When AI Starts Hunting Bugs in the Law

When AI Starts Hunting Bugs in the Law

Google’s new AI-powered bug hunter just autonomously found and reproduced 20 security vulnerabilities in widely used open-source tools. No prompts, no checklists, no human steering. Just an unsupervised AI digging through code and surfacing real exploits.

Humans stepped in after the fact, validating the bugs before disclosure, but the hard part of discovery and proof of exploitability was done without them.

If you work in legal tech, this isn’t just interesting. It’s a glimpse of what’s coming for us.

Laws and contracts are systems. Complex, yes, but still structured and rule-based. They can be gamed, and the fact that they’re written in natural language makes them harder for traditional software to interpret, but easier for modern AI to manipulate.

So what happens when models like Big Sleep get turned loose not on code, but on legislative frameworks or contract libraries?

  • Find clauses that silently create obligations without alerting the counterparty
  • Spot contracts that allow one-sided termination under obscure conditions
  • Extract provisions where enforcement depends on undefined or circular references
  • Simulate malicious compliance across multiple jurisdictional contexts

This sort of analysis is already happening, just not yet at scale. Whether you're mapping clause libraries, running due diligence checks, or reverse-engineering a policy stack, you're edging closer to exploit discovery. AI will simply accelerate the process, and it will do it across hundreds or thousands of documents without pause.

Right now, most legal AI tools are reactive. They help you review, summarise, and extract information. A proactive model, one that acts like an adversary and probes for weaknesses, plays a very different role.

It doesn't just support legal work. It tests it.

Of course, this isn’t a new idea. Lawyers have always tried to find leverage. A senior partner who flags the indemnity carve-out, a tax adviser who spots a loophole in entity timing or a litigator who knows how to exploit procedural gaps. That mindset already exists, however what changes here is the scale and repeatability.

AI can now do this across hundreds of contracts, entire libraries of statute, or interconnected regulatory documents, all at once and most importantly, it doesn't forget, hesitate, or miss things because it’s on its fourth hour of reading.

Take a basic auto-renewal clause:

"This agreement shall renew for successive 12-month periods unless either party provides notice of termination at least 60 days before the end of the then-current term."

Now drop that into a dataset of 300 supplier agreements. A red-teaming model could:

  • Flag contracts where the clause is buried in an annex or schedule
  • Spot cases where local law overrides auto-renewal unless there's active consent
  • Identify clauses that trigger a cost increase on renewal
  • Detect asymmetry in notice periods between parties

Not revolutionary in isolation, but in bulk, across a portfolio, this sort of analysis becomes invaluable. It turns contract review into systemic risk analysis.

From impossible to operational

Worth noting here that not long ago, many in the security world claimed this kind of thing couldn’t be done. Models were too vague, too error-prone. They hallucinated. They couldn’t reason across multiple steps. They weren’t reliable enough to handle real-world code.

That was two years ago.

Now we have a deployed system that finds and reproduces bugs on its own that Google stands behind. Quietly, effectively, and at scale. If you still believe legal language is too nuanced or too context dependent for AI to reason over, you may already be behind the curve.

The upside and the race

Used properly, this kind of tooling strengthens legal work. It allows teams to spot problems earlier, standardise where needed, and challenge risk before a regulator or counterparty does.

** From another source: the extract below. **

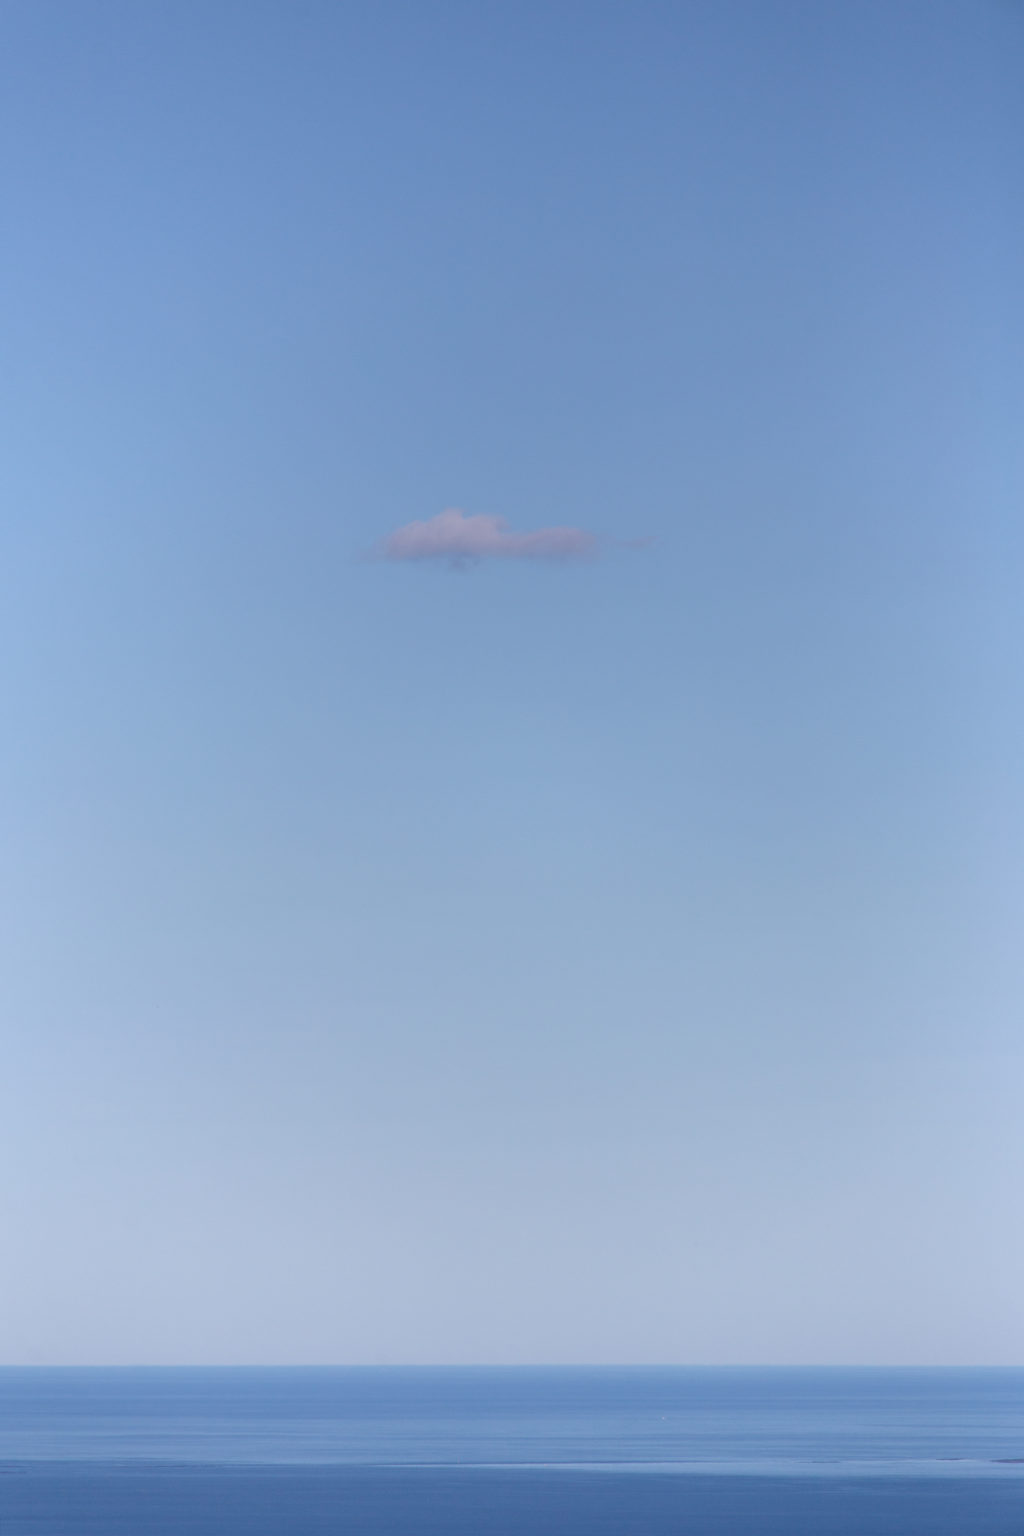 Single Cloud in Blue Sky
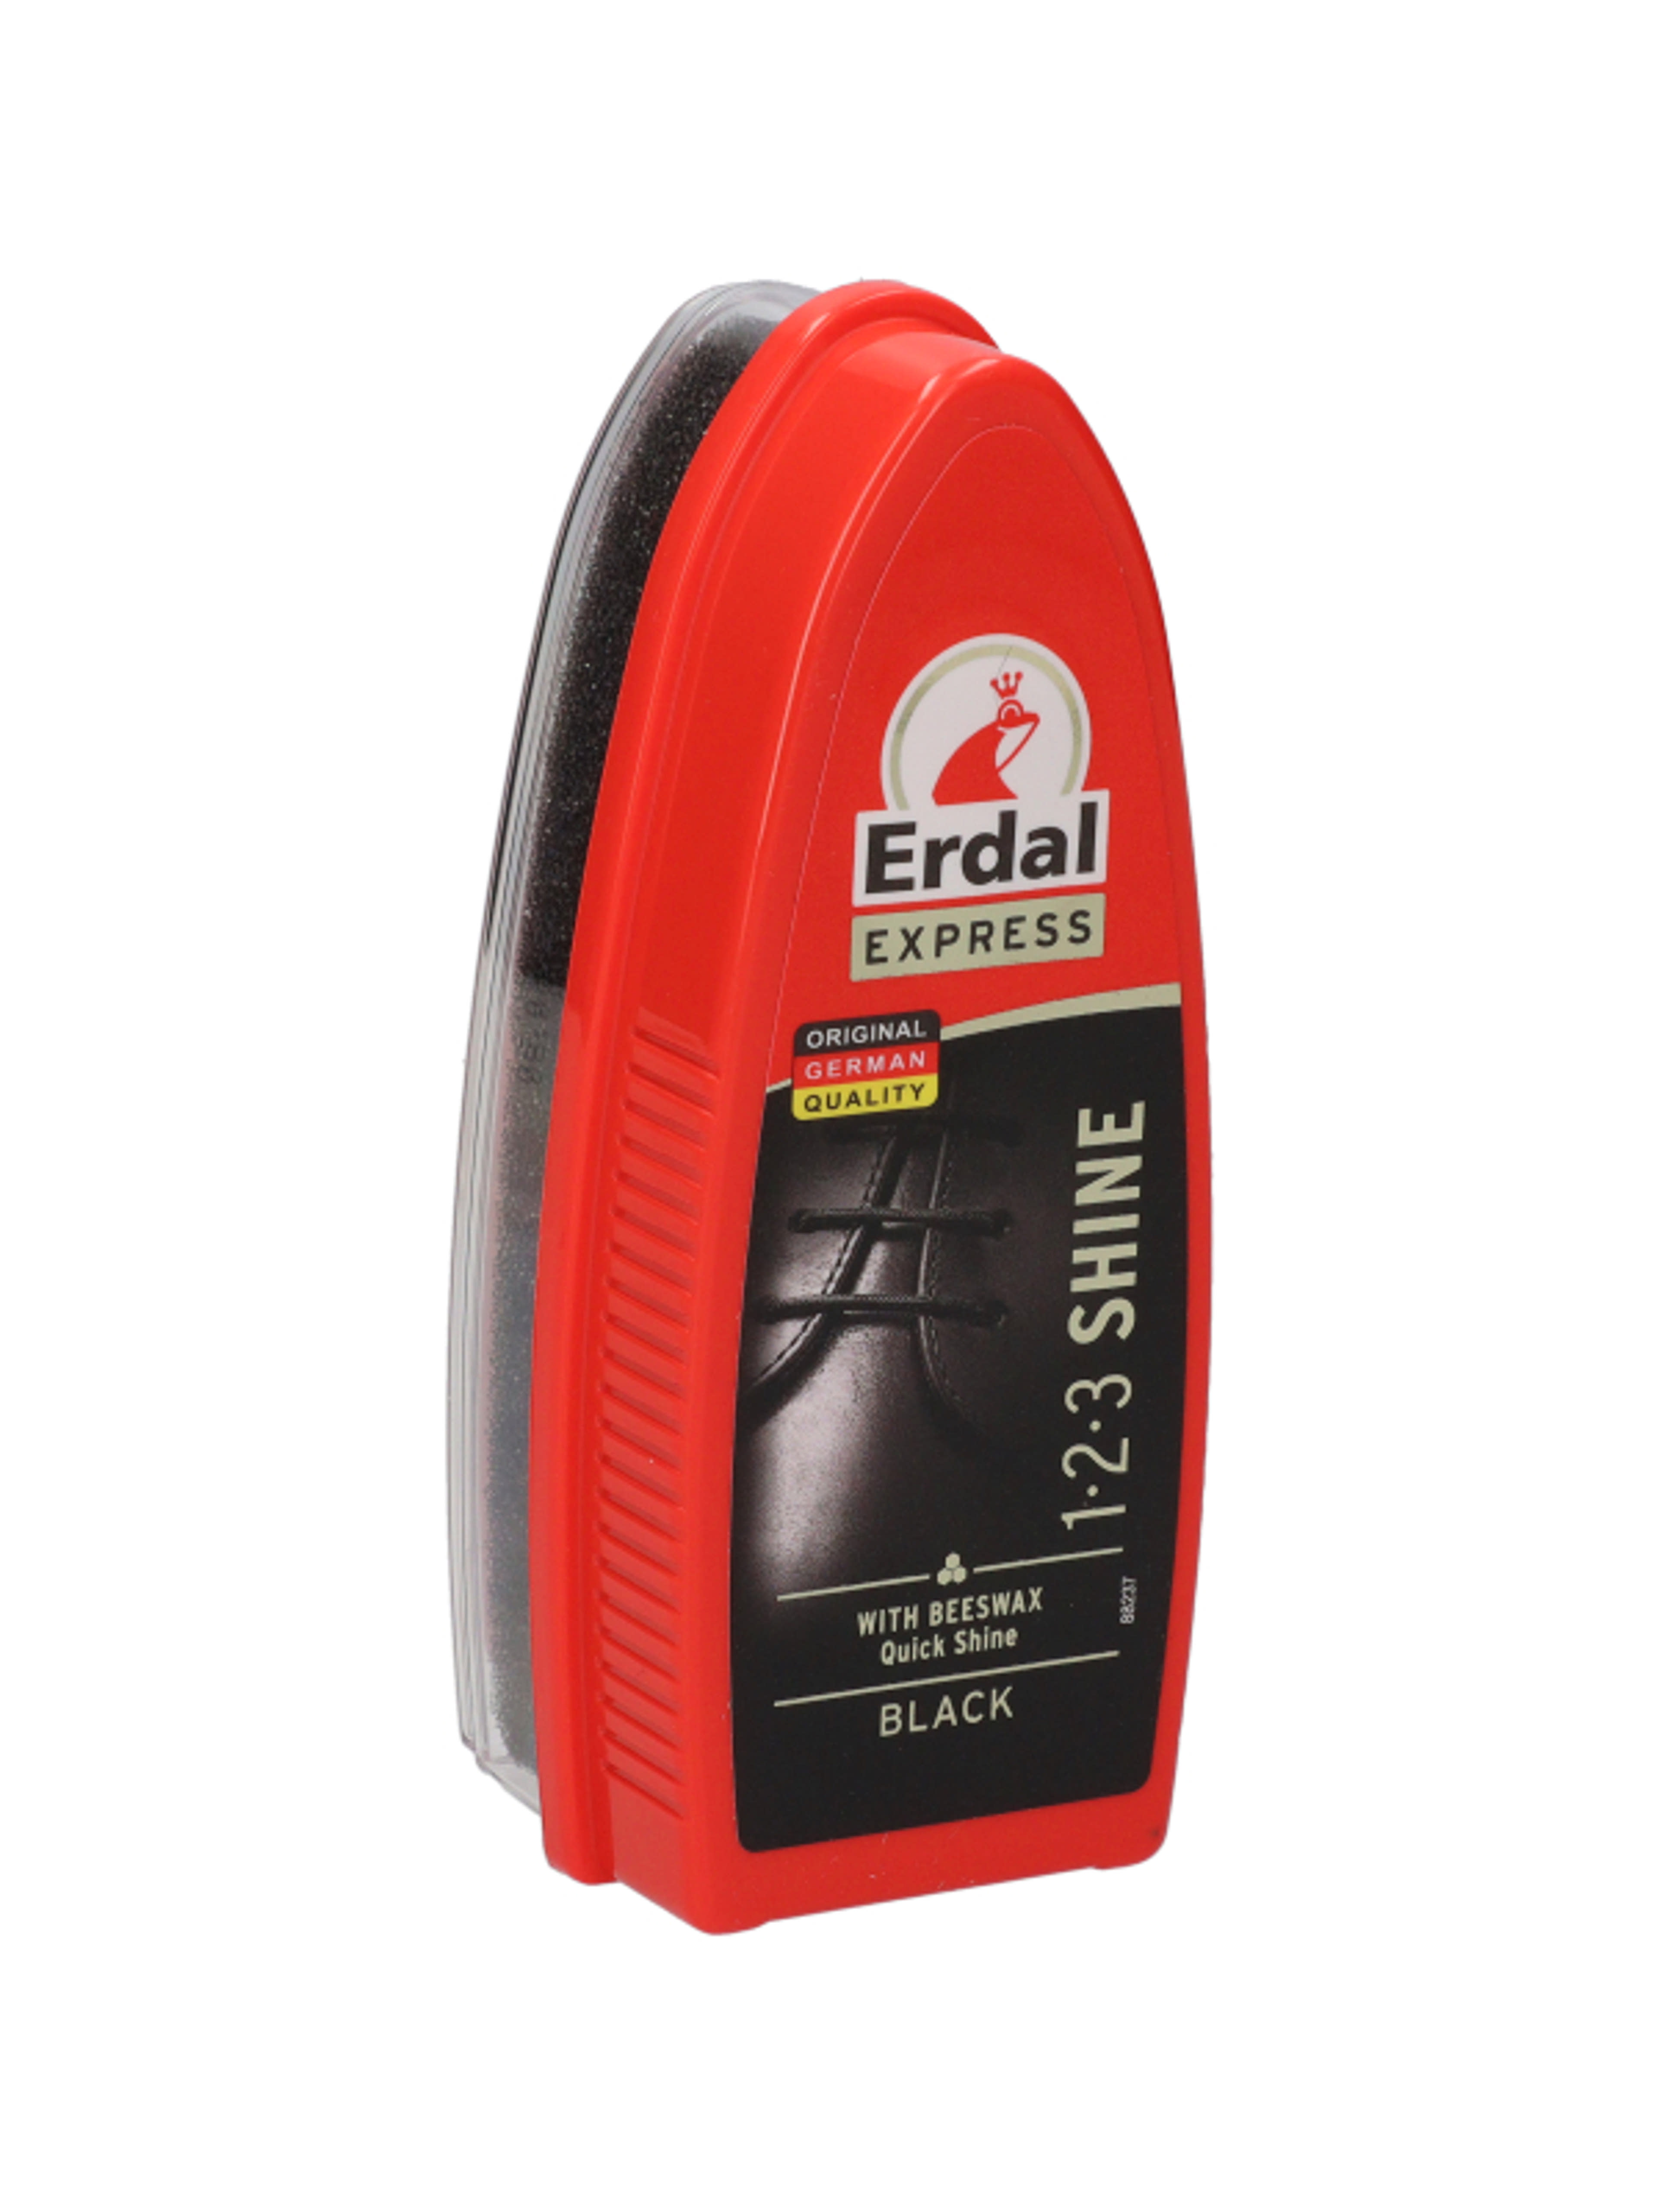 Erdal Express 1-2-3 gyorsfény cipőfényező szivacs - 1 db-6

Now it’s not only a tool for compliance, it’s just as available to those looking to manipulate, delay, or exploit. Whether it’s gaming jurisdictional gaps or surfacing favourable readings, these models don’t have a moral compass, they just go where the prompt tells them.


I saw an RFP from a nation state exploring how to codify its laws and run models over them to detect and correct loopholes before they’re tested in court. The intent was good, but the same capability could be flipped the other way. Once these models can model the law, they can be used to break it too.

The only way this remains a net positive is if the good actors outpace the bad, that means investment, a lot of it. Not just in AI tools that summarise and extract, but in tools that challenge, simulate, and probe. Google had DeepMind and Project Zero. Do we have anything close in legal?

Because the tooling is coming either way. The only real question is who puts it to work first and why.